Der Artur Becker erhält den mit 15.000 Euro dotierten Adelbert-von-Chamisso-Preis 2009. Die Auszeichnung für deutsch schreibende Autoren nichtdeutscher Muttersprache wird dem deutsch-polnischen Schriftsteller am 5. März in München verliehen, teilte die Robert Bosch Stiftung in Stuttgart mit.
Artur Becker, 1968 in Bartoszyce (Masuren), kam 1985 nach Deutschland. Er lebt und arbeitet in Verden (Niedersachsen). Schreibt Romane, Erzählungen, Gedichte und Aufsätze, und ist auch als Übersetzer tätig. Sein Debutroman war "Der Dadajsee" (1997). Den Preis erhalte er für sein Gesamtwerk, in dem er seine Verbundenheit mit dem polnischen und deutschen Kulturraum "in poetisch eindruckvoller Weise" bekräftige. Sein neuester Roman "Wodka und Messer. Lied vom Ertrinken" ist ein von barocker Opulenz und Farbigkeit überbordendes, eindrucksvolles Sprachdenkmal", urteilte die Jury.
Mit dem Preis erinnert die Stiftung an den Schriftsteller und Naturforscher Adelbert von Chamisso (1781-1838). Er wurde in Frankreich geboren und zog in den Wirren der Französischen Revolution nach Berlin. Von hier unternahm er seine Weltreisen und wurde gleichzeitig zu einem bedeutenden deutschsprachigen Schriftsteller ("Peter Schlemihls wundersame Geschichte").
Über "Wodka und Messer. Lied vom Ertrinken"
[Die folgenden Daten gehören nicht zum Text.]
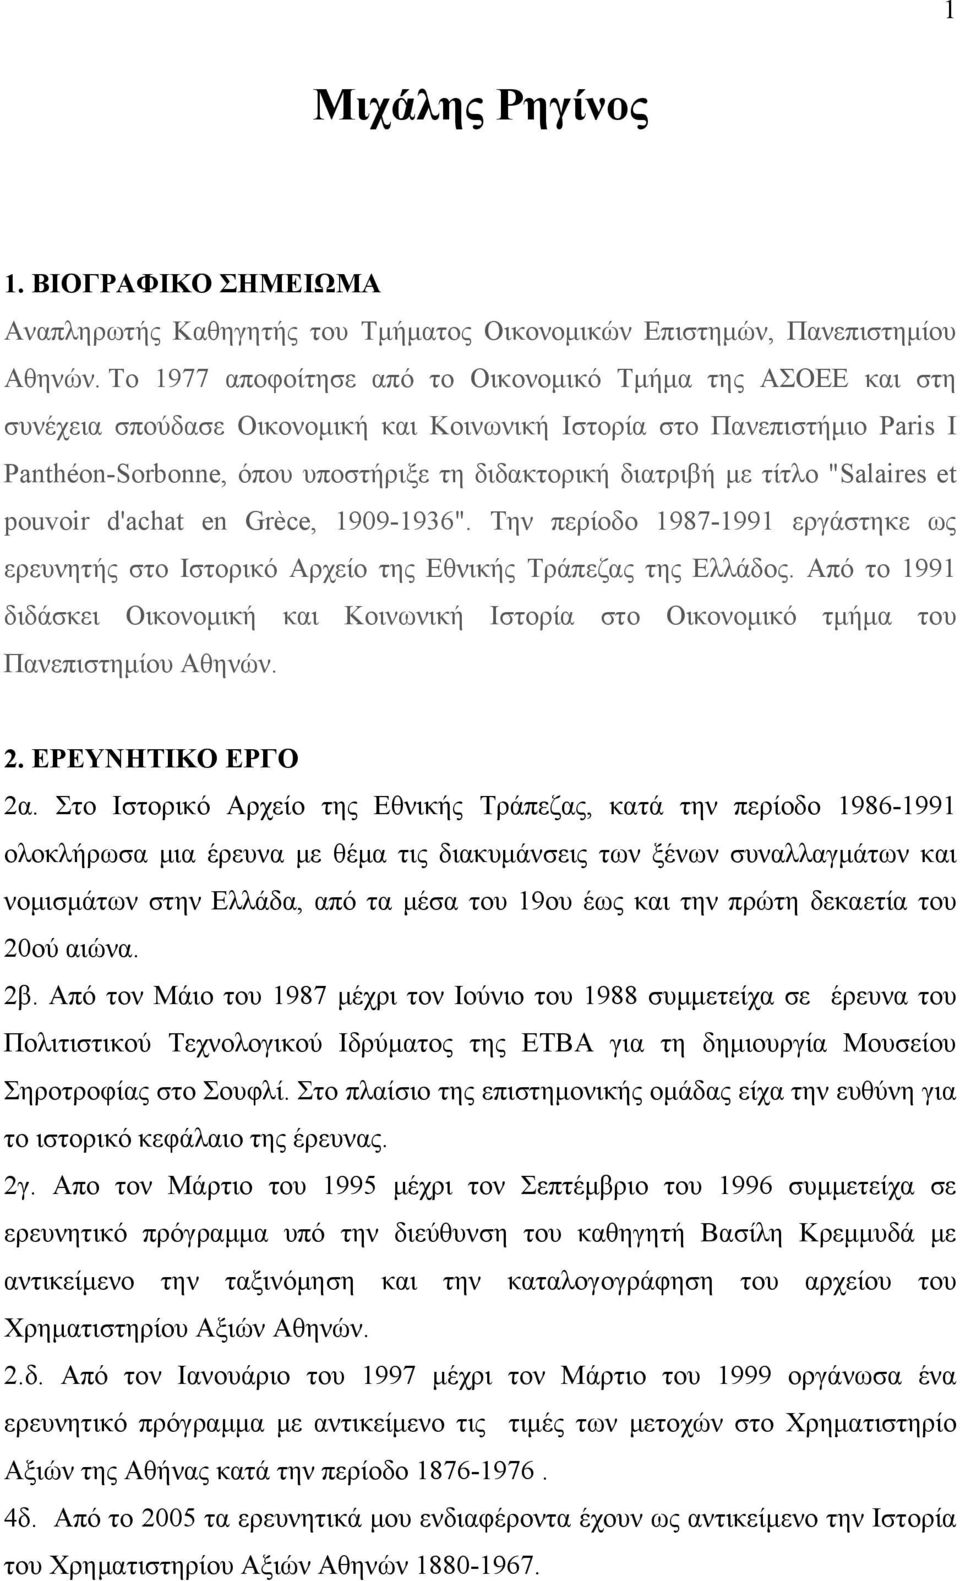 τίτλο "Salaires et pouvoir d'achat en Grèce, 1909-1936". Την περίοδο 1987-1991 εργάστηκε ως ερευνητής στο Ιστορικό Αρχείο της Εθνικής Τράπεζας της Ελλάδος.

Kuba Dernicki ist ein glücklicher Mensch. Er hat Arbeit und Familie und lebt seit vielen Jahren im Paradies, in Deutschland. Doch eines Tages treibt ihn eine starke Sehnsucht zurück nach Polen, in die alte Heimat, an die Stätten seiner Kindheit, an den Dadajsee. In eine wunderschöne Landschaft, bevölkert von überaus eigenwilligen Menschen, die mit List, Humor und Wodka überleben. Und die sich Geschichten erzählen, in denen die Toten… alles andere als tot sind.
Wie Marta, Kubas junge Geliebte, die vor vielen Jahren auf der Flucht vor kommunistischen Häschern im eiskalten Dadajsee ertrunken ist – und die in der Hoteldirektorin Justyna Star (einer Doppelgängerin?) weiter lebt, schön und begehrlich, wie damals. Kein Wunder, daß Kuba sich in Justyna verliebt und daß von nun an ein ganzes Dorf verrückt spielt, der Bürgermeister Król wie der Pfarrer Kazimierz, die einäugige Tante Ala wie Wojtek, ihr Galan. Und in deren Mitte taumelt Kuba, den ein sprechendes Messer begleitet, von Augenblick zu Augenblick, hinein ins Herz der Erinnerung.
"Wodka und Messer" ist ein Heimatroman, ein Liebesroman, ein Buch, über dem der polnische Himmel leuchtet, "sternhagelvoll wie die Männer von Bartoszyce, wie die Fische im Dadajsee."